4.3. Engineering Implications and Prospects

In shale gas extraction through hydraulic fracturing, fractures intersecting layered shale reservoirs at appropriate angles can facilitate the formation of more effective fracture networks and reduce the risk of wellbore shear-slip instability [38]. As noted above, shale with 0 ° bedding orientation exhibited relatively low shear strength, and fractures tended to propagate along bedding planes, which may close under compressive stress, thereby reducing fracture conductivity, limiting production, and increasing the risk of wellbore instability. In contrast, shale with bedding angles of 30 ° to 60 ° showed a significantly higher proportion of shear fractures. This orientation range is thus considered favorable for promoting the development of hydraulic shear fractures, contributing to the formation of complex fracture networks. Moreover, it tends to produce rougher fracture surfaces that help maintain self-propping, thereby offering more effective flow channels for shale gas migration and enhancing reservoir productivity. This angle range is recommended as an optimal intersection angle for shallow-layered shale formations. This study systematically provides key macroscopic mechanical parameters of shale shear strength at various bedding angles, including cohesion (c) and internal friction angle ( ϕ ), offering valuable data for evaluating the long-term stability of both reservoir and caprock shales. The experimental parameters proposed herein serve as a foundation for subsequent numerical simulations and machine learning models, supporting the prediction of shear failure and caprock slip behavior during fluid (e.g., CO2) injection processes around the wellbore. These findings offer theoretical guidance for engineering design and risk mitigation in layered rock formations. Nevertheless, the shale samples used in this study were tested under dry conditions, focusing primarily on shallow formations under low-stress scenarios. Future work is recommended to conduct macro–mesoscopic coupled experiments under varied moisture contents and multi-level stress conditions, aiming to extend the applicability and engineering relevance of the current findings to both shallow and deep shale reservoirs.

5. Conclusions

This study conducted macroscopic direct shear tests and mesoscopic acoustic emission (AE) monitoring on reservoir shale with different bedding angles ( 0 ° , 30 ° , 45 ° , 60 ° , 90 ° ) under varying normal stresses (10 MPa, 15 MPa, 20 MPa, 25 MPa). Additionally, three-dimensional laser scanning was employed to characterize the post-shear fracture morphology. This comprehensive approach facilitated the investigation of the anisotropic shear mechanical behavior of shale across both macro- and meso-scales. The main conclusions are as follows:
(1)
The peak and residual shear strengths of shale at various bedding angles exhibit a fluctuating increasing trend with increasing normal stress. Under all normal stress conditions, shale with bedding angles of 30 to 60 generally shows higher peak shear strength. When the normal stress is low, the anisotropy of peak shear strength is more pronounced than that of residual shear strength.
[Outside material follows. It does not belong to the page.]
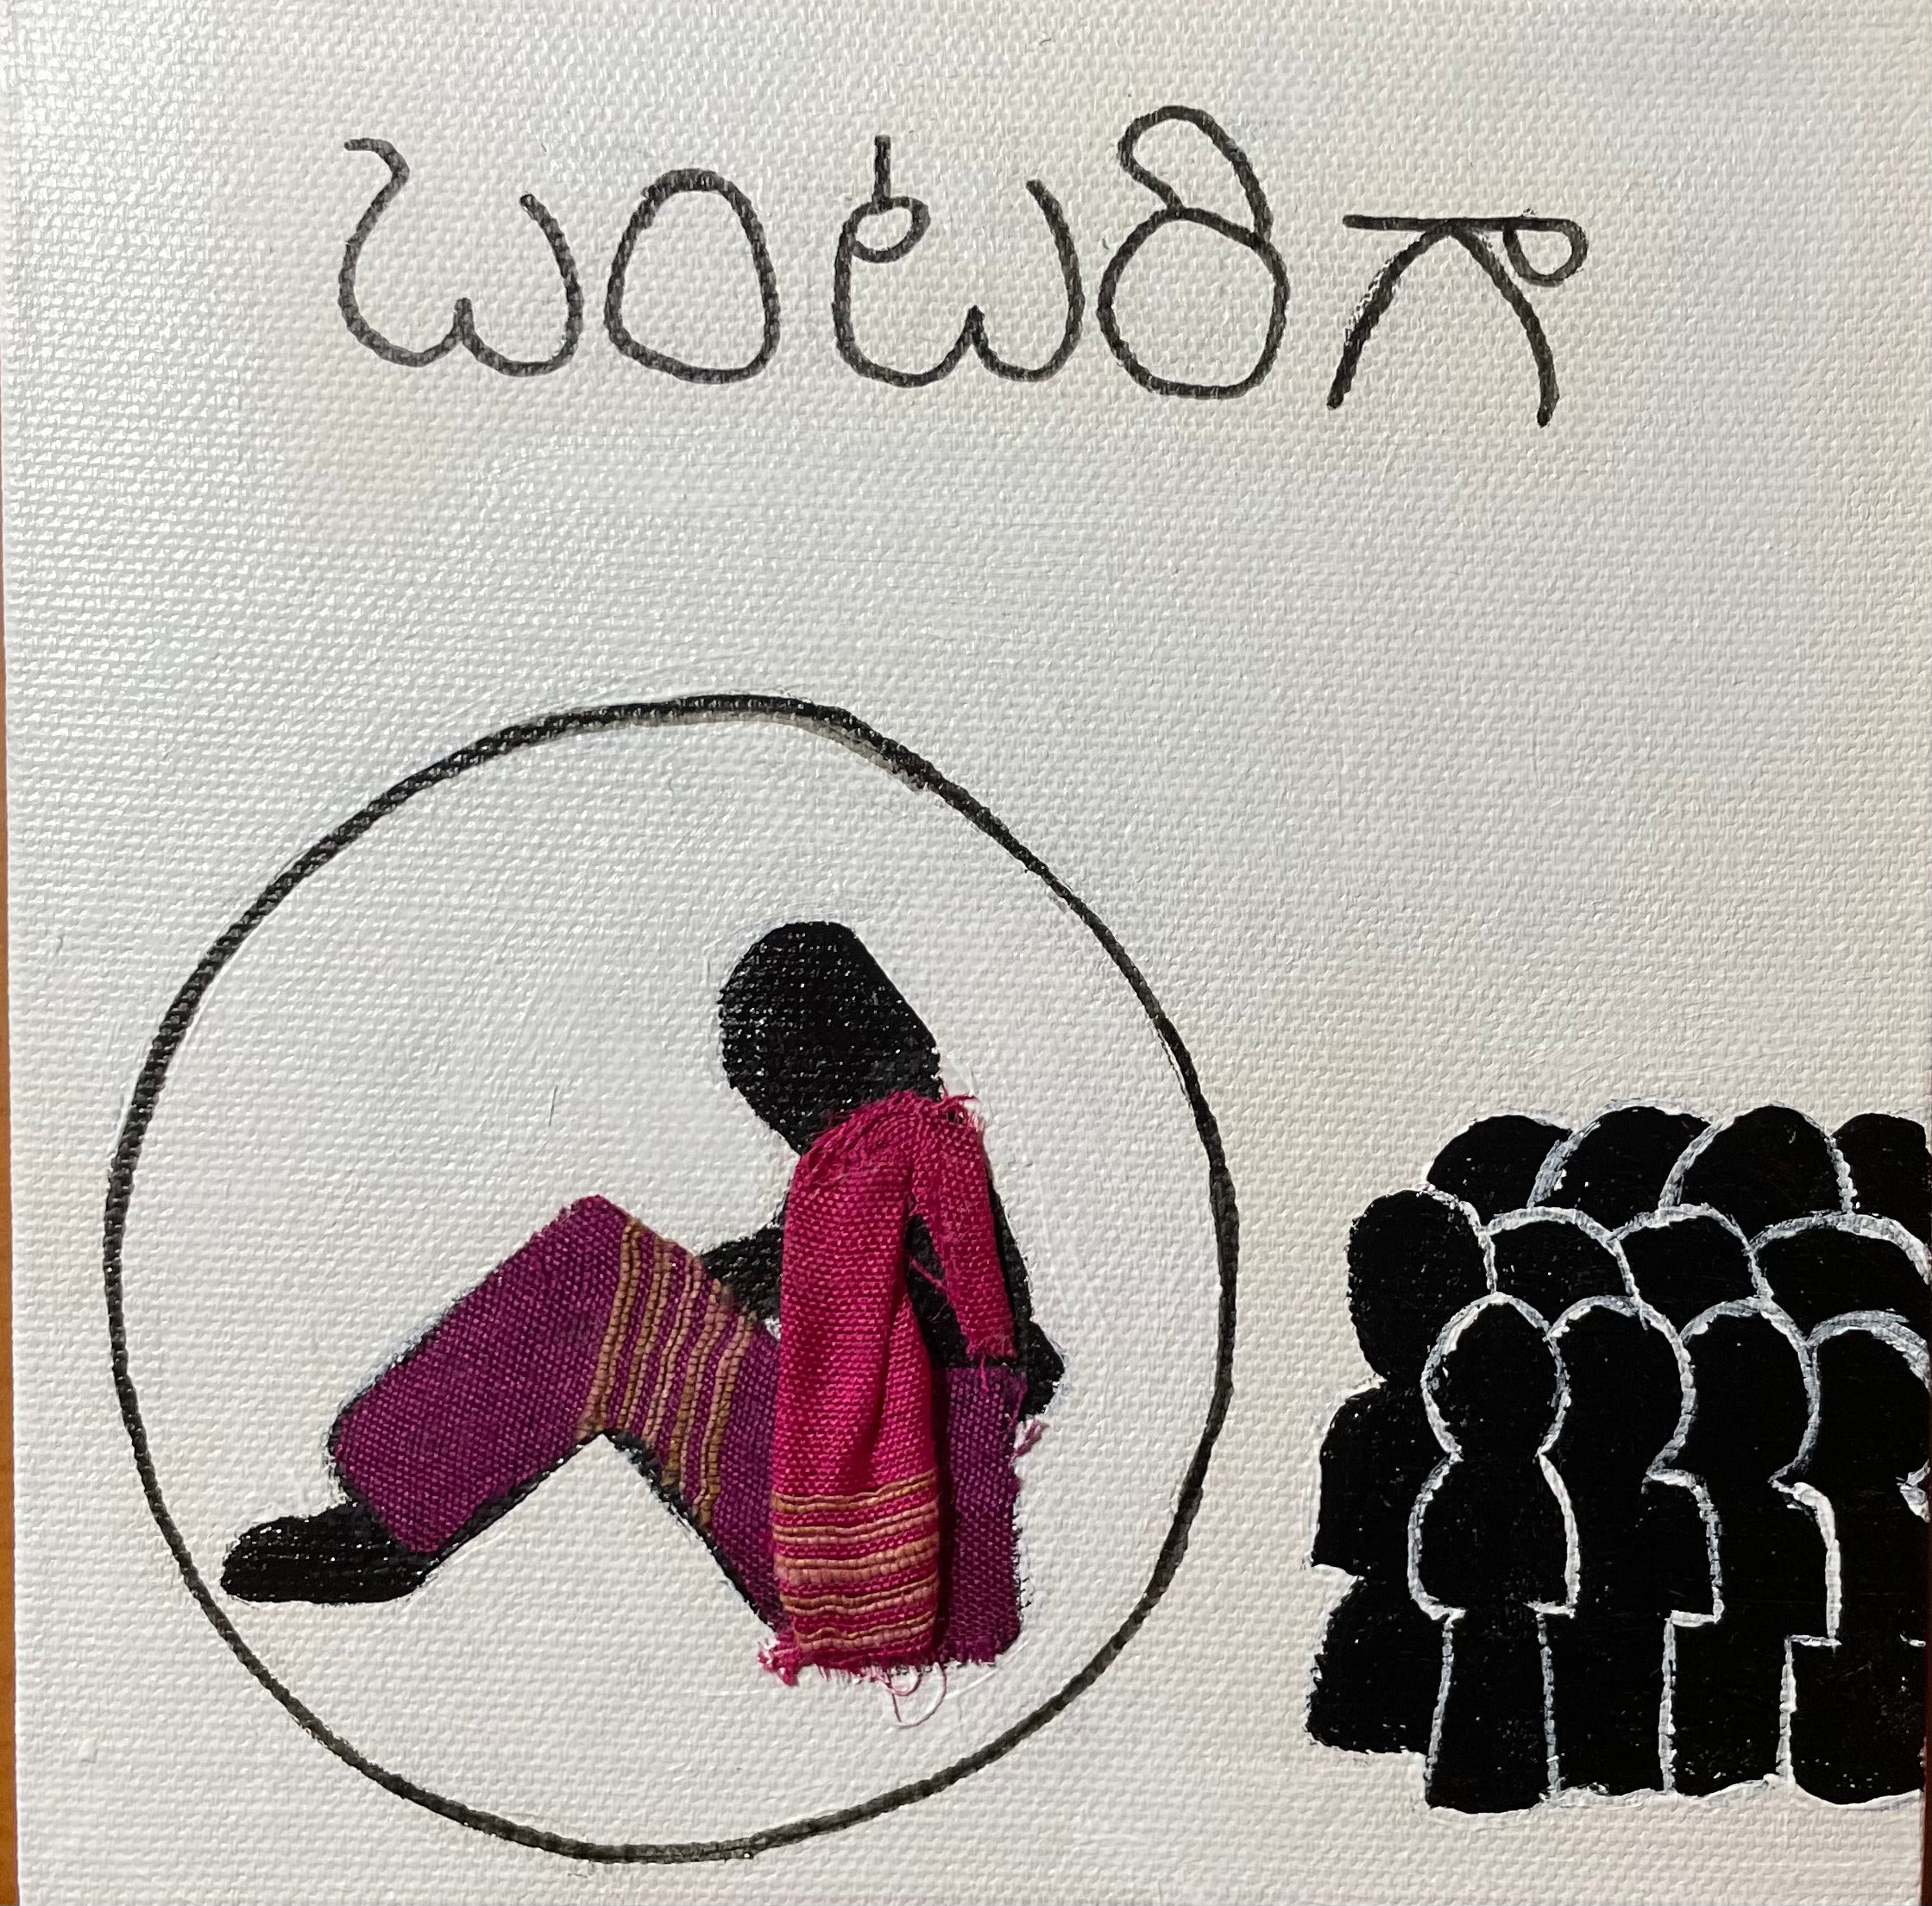 Visual representation of an Indian woman trapped in a circle, while the silhouettes of a large group of people are standing next to her (maybe staring at her and judging her). Her clothing is made of actual fabric. On top of the image, there is a caption in Telugu

As the normal stress increases, the bedding-induced anisotropy of peak and residual shear strengths exhibits opposite trends. The anisotropy of peak shear strength tends to decrease in a fluctuating manner, while that of residual shear strength increases with fluctuations.
(2)
Both the peak and residual internal friction angles of shale bedding planes are greater than those of the shale matrix, whereas the cohesion values of the bedding planes are lower than those of the matrix. The peak internal friction angle reaches its maximum at a bedding angle of 45 , while the peak cohesion attains its maximum at a bedding angle of 60 . As the bedding angle increases from 0 to 90 , the bedding effect on the anisotropy of peak shear strength parameters (internal friction angle and cohesion) shows a staged evolution characterized by “plateau and step-like” transitions. Moreover, the bedding-induced anisotropy of the internal friction angle and cohesion for peak and residual shear strength exhibits opposite trends.
(3)
At lower normal stresses, the cumulative AE ringing count curves for shale shear failure follow an “S”-shaped pattern for bedded and matrix shear, differing from the piecewise linear pattern observed in bedded-matrix coupled shear. Under such conditions, macro- and mesoscale damage evolution is inconsistent but becomes increasingly aligned as normal stress increases, indicating a transition of the shear failure mechanism from non-coordinated to coordinated. Combined with acoustic emission (AE) monitoring, the microcrack evolution during shear can be evaluated in real-time, providing technical support for fracture mechanism analysis and fracture-type regulation, thereby enhancing the safety and controllability of shale gas extraction and geological sequestration projects.

Author Contributions

Conceptualization, B.Z. and S.Q.; methodology, S.Q. and S.G.; software, G.L., Z.Z., and T.W.; validation, B.Z.; formal analysis, Z.Z.; investigation, Z.Z., G.L., T.W., and J.J.; data curation, Z.Z.; writing—original draft preparation, Z.Z.; writing—review and editing, B.Z. and S.G.; funding acquisition, B.Z., S.Q., and S.G. All authors have read and agreed to the published version of the manuscript.

Funding

This work was funded by the National Natural Science Foundation of China under grant nos. 42141009, 42422706, and 41902289; the Key Research Program of the Institute of Geology and Geophysics, CAS, under grant no. IGGCAS-202201; and the Youth Innovation Promotion Association Foundation of the Chinese Academy of Sciences under grant no. 2023073.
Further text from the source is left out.